When she entered the kitchen, the smells were even more fantastic. She couldn’t help sucking in a gorgeous lungful of the scent of gingerbread. Mmm, delicious.

The elves obviously noticed her, as the bustling frenzy of the kitchen halted and everything was oddly silent. Hermione at one stage in her life wanted to make an impression when she entered a room, but this certainly wasn’t what she’d envisioned.

“Hat Girl,” greeted the elf in the purple velvet as it popped into existence beside her.

“Hello,” she said. “I’m sorry to bother you. I’m here about Professor… er… Mister…er… um… Snape. I’m here about Snape.”

“Poor Snappy,” said Dippy, appearing on the other side of the table, resplendent in the striped pillowcase. 

“Is he alright?” Hermione asked in concern.

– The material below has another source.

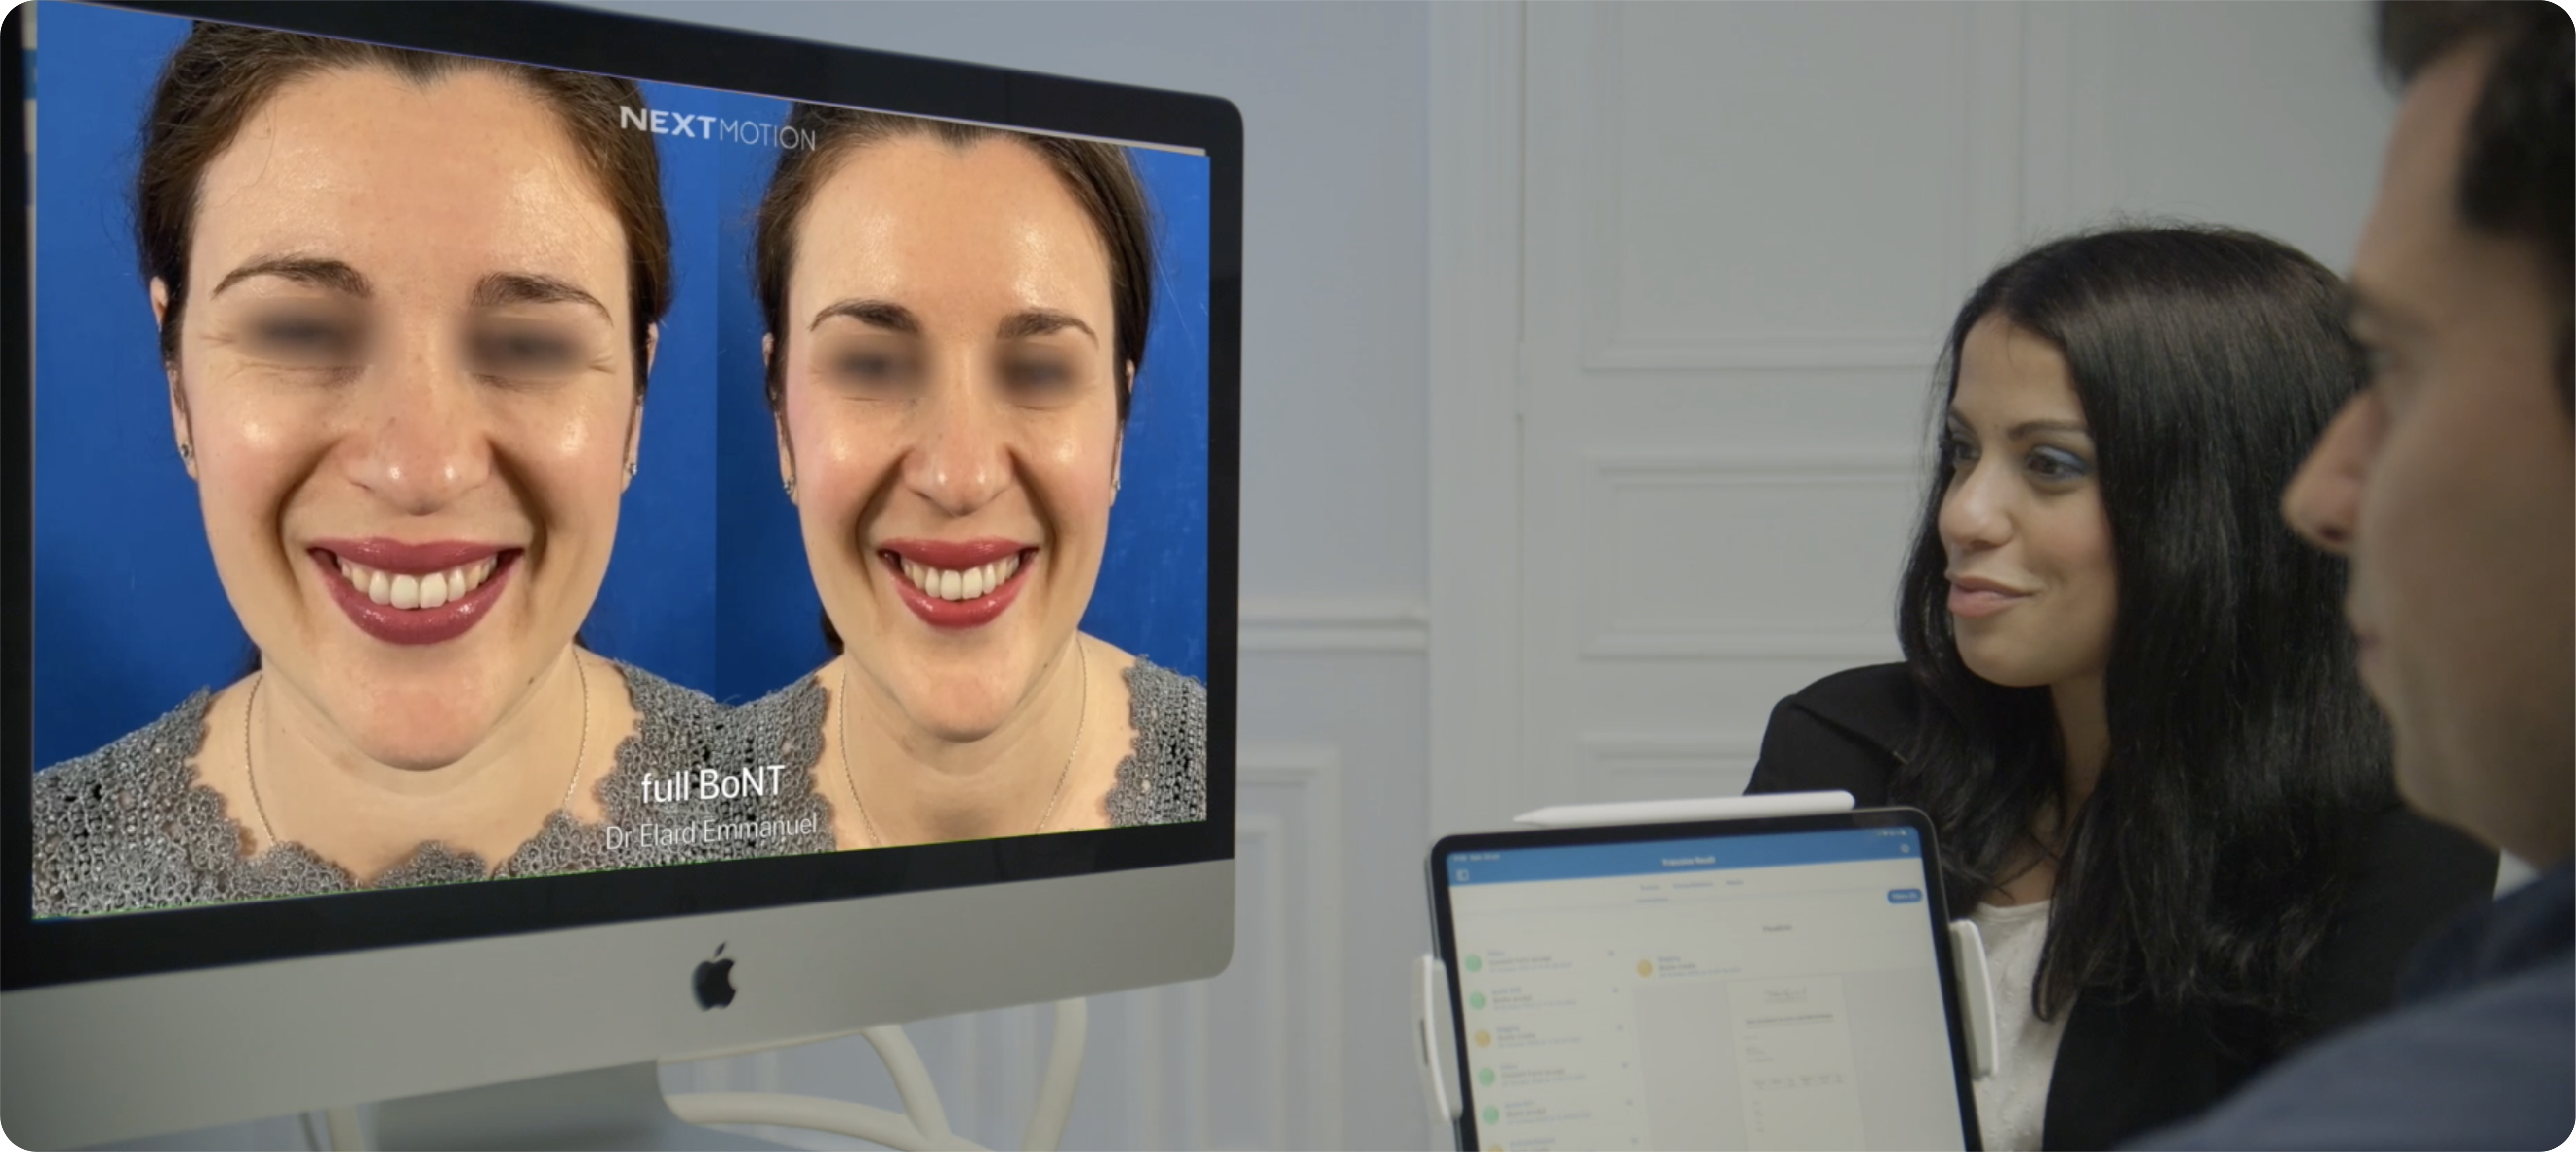 Vidéo présentation produits NextMotion

Dippy motioned to the larder. Hermione walked cautiously across the room and opened the door. Snape was sprawled asleep in a basket, curled around a pumpkin and hugging a bottle of wine. 

“Snappy!” called Dippy. “Hat Girl is here for you.”

“Sod off,” said Snape without opening his eyes.

“Lovely,” said Hermione.

He opened his eyes which were large _and_ bloodshot. “You’re back.”

“I am,” said Hermione.

“Are you back to gloat that I’m still a fucking elf?” Snape groaned. “And even not really that because apparently my ability to be unattractive to the opposite sex has managed to follow me even in elf form.“ 

“Well, I don’t believe that,” said Hermione. “I thought the statue of you was very shaggable.”

Snape sat up in the basket. “Thank you. Given I’ll never be a man again I shall always claim it was based on reality.”

“Perhaps we can test that theory,” said Hermione.

She pulled a scroll out of her bag and unrolled it onto the table. The elf in velvet looked at it, gave her an almost comically double-take, then looked at it again.

“When was this signed?” the elf asked.

“About two days ago,” said Hermione. “I just finished all the appropriate ratification and filing. It’s all in place.”

Other elves materialised and gathered around, all reading the scroll silently.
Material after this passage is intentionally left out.